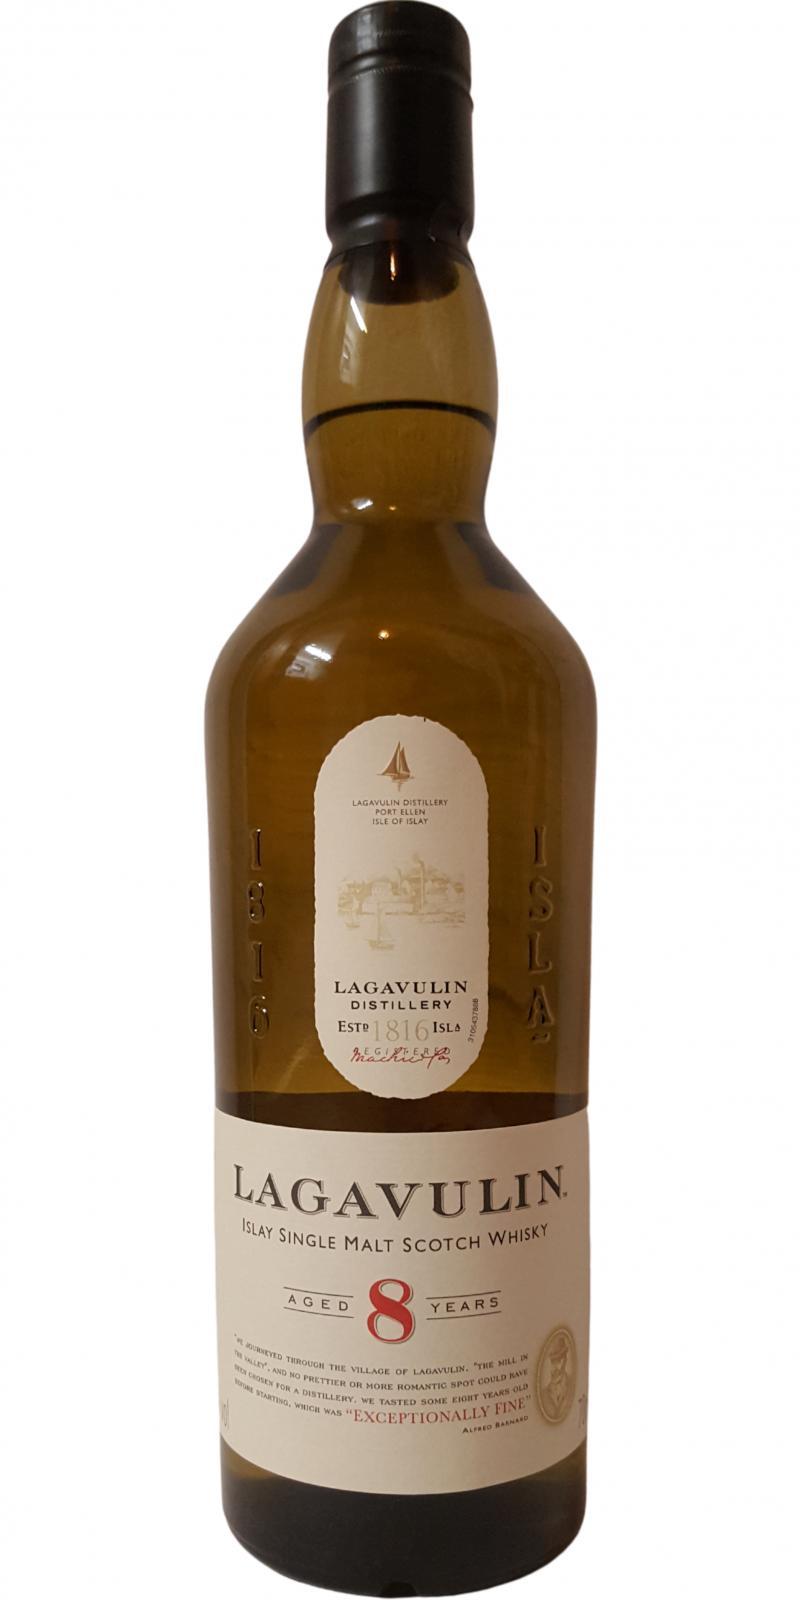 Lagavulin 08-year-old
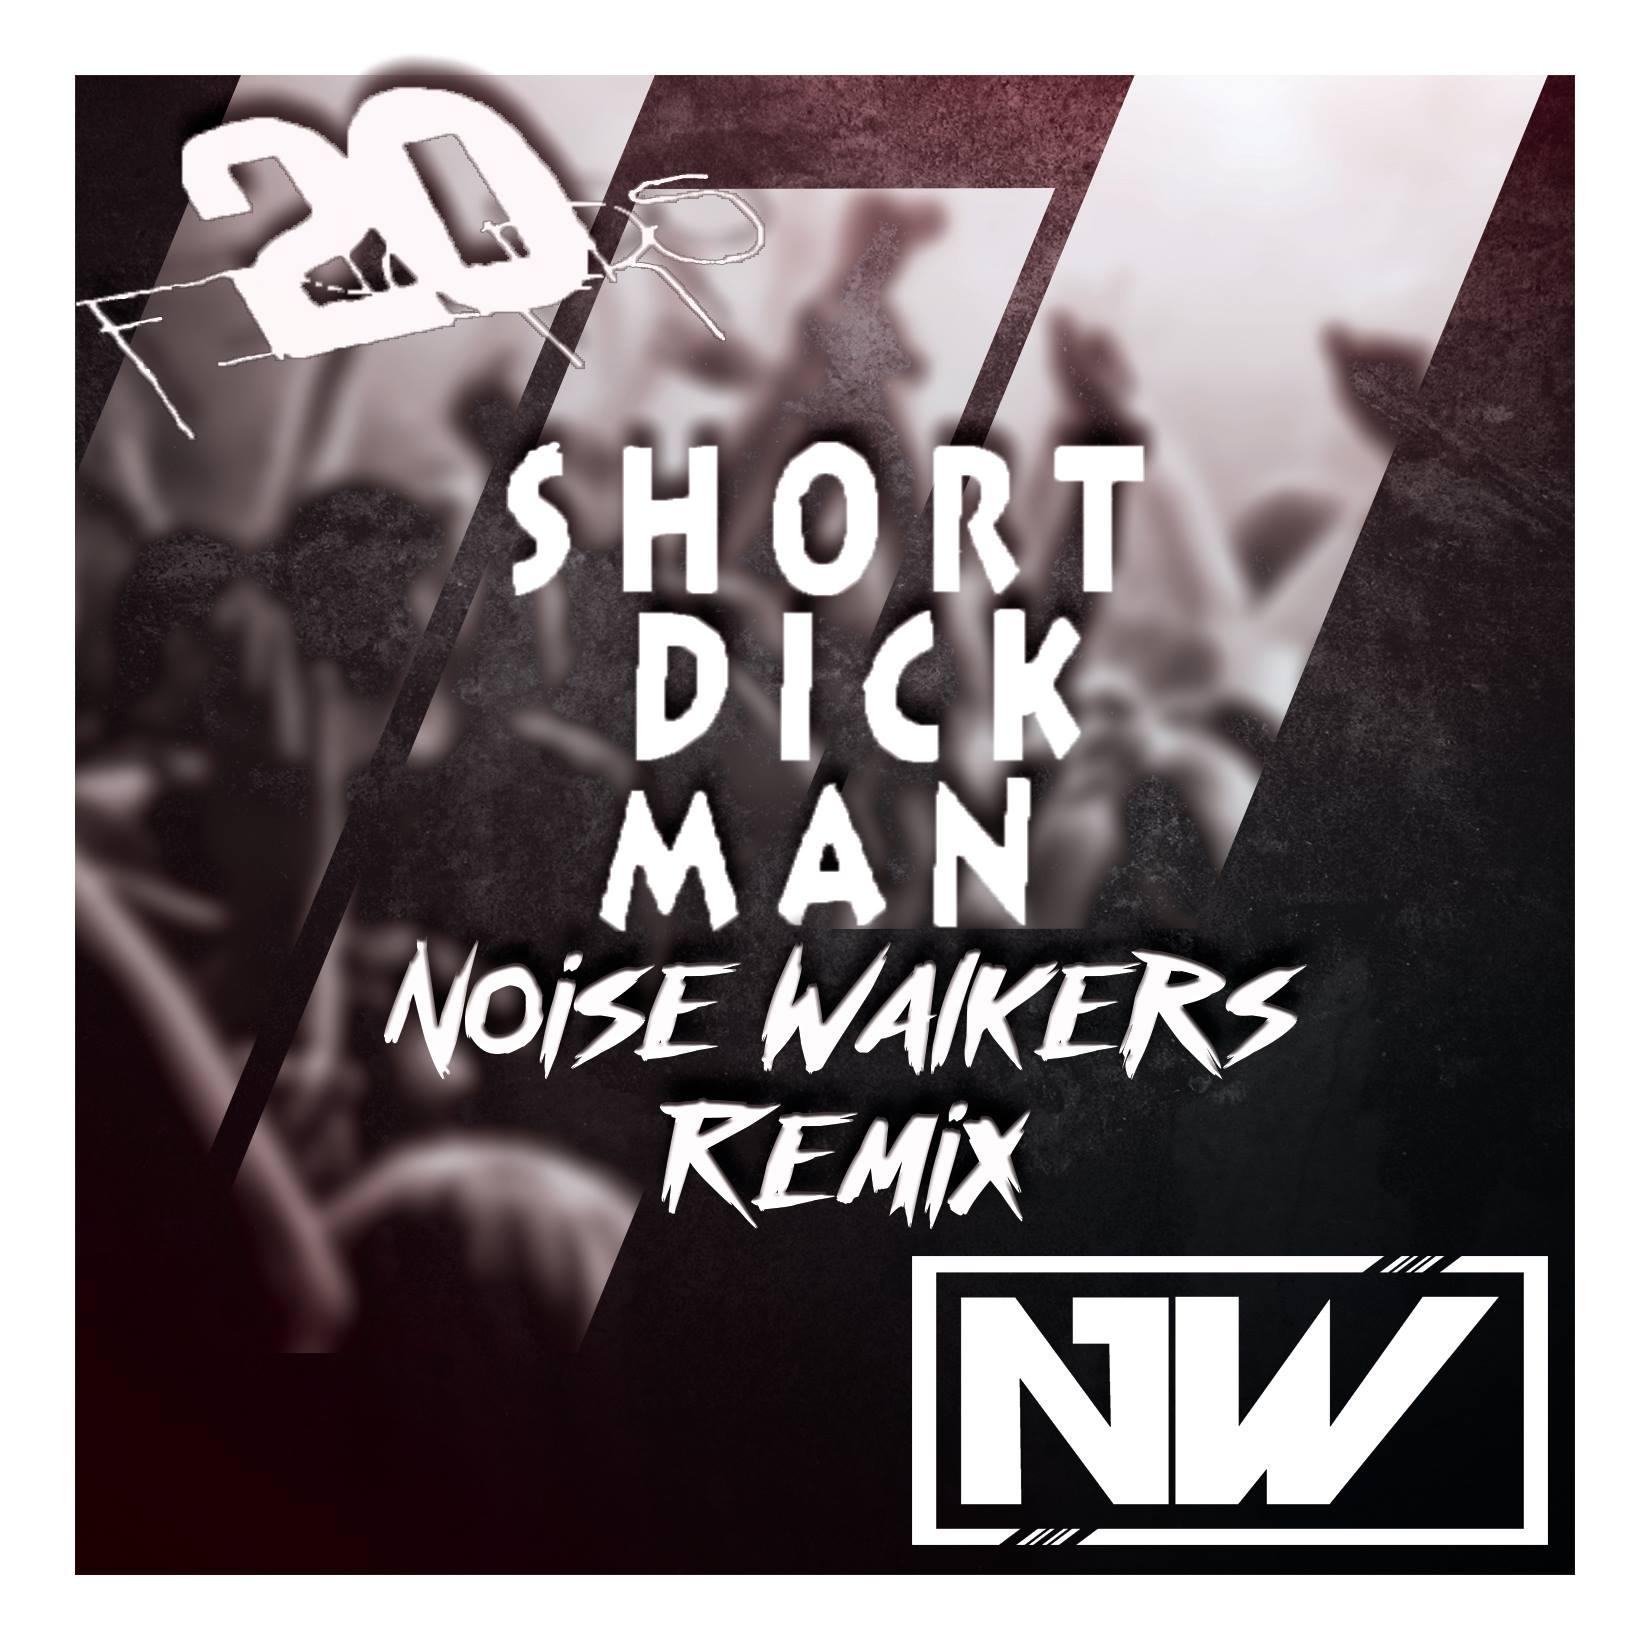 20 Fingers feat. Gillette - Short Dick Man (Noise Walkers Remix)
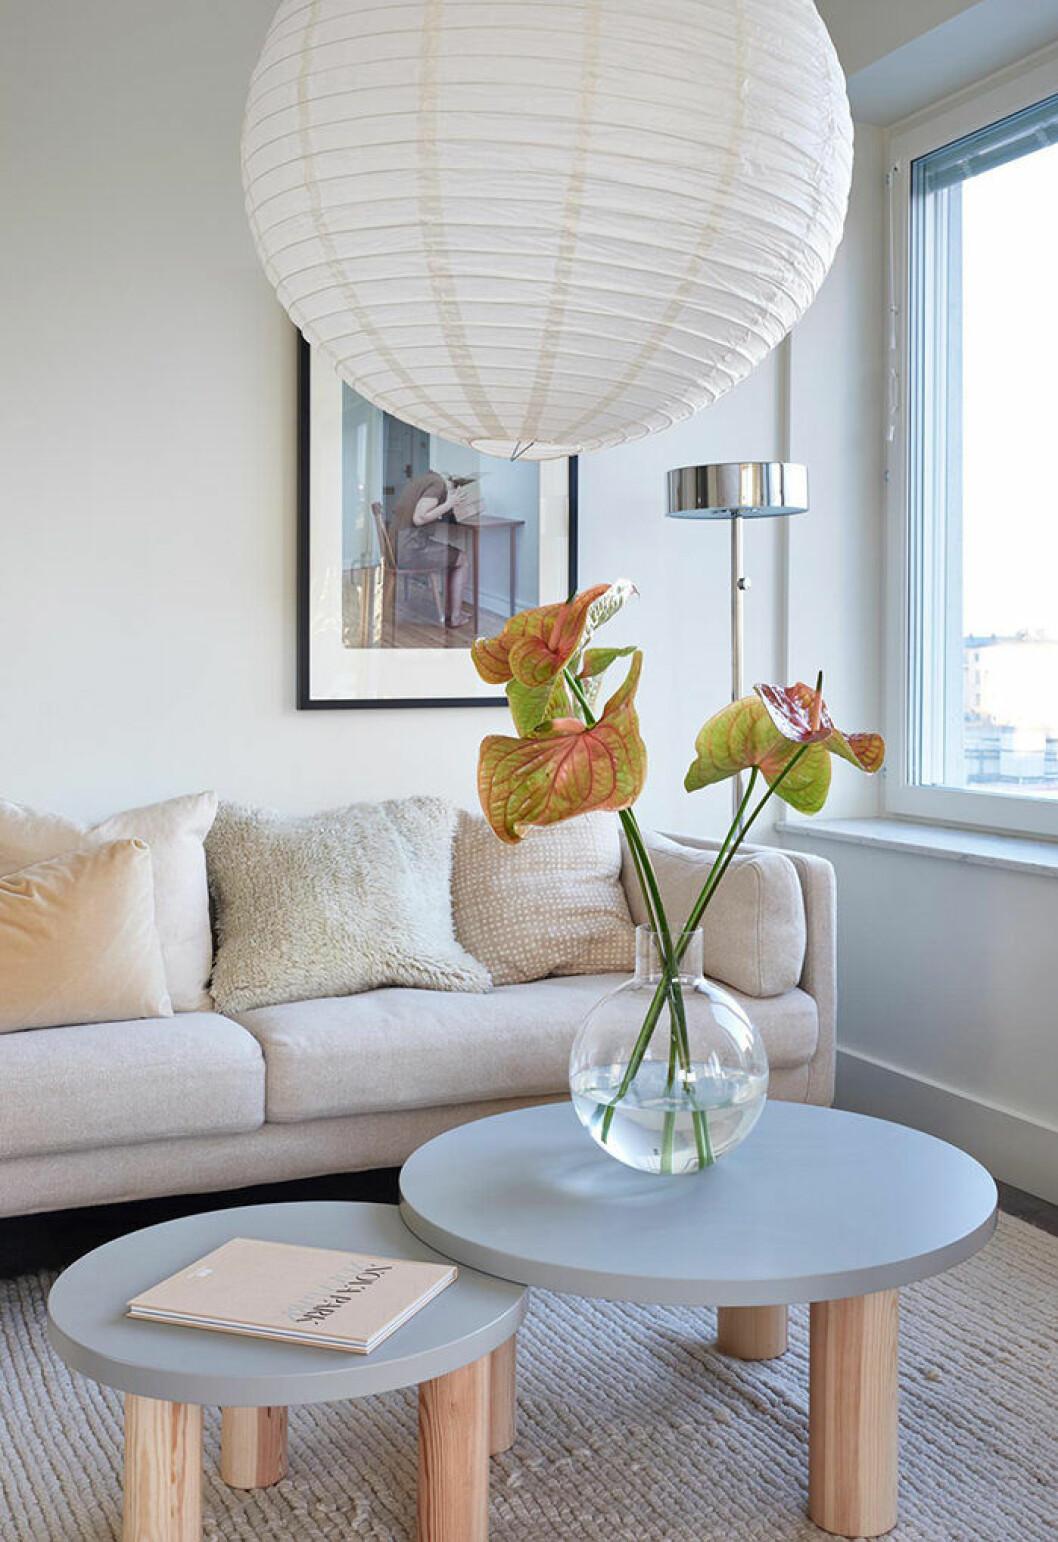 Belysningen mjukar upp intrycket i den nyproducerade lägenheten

What this task involves: What you return should match the material word for word, apart from the pictures.

Task response:
 Lagavulin 08-year-old
 20 Fingers feat. Gillette - Short Dick Man (Noise Walkers Remix)
 Belysningen mjukar upp intrycket i den nyproducerade lägenheten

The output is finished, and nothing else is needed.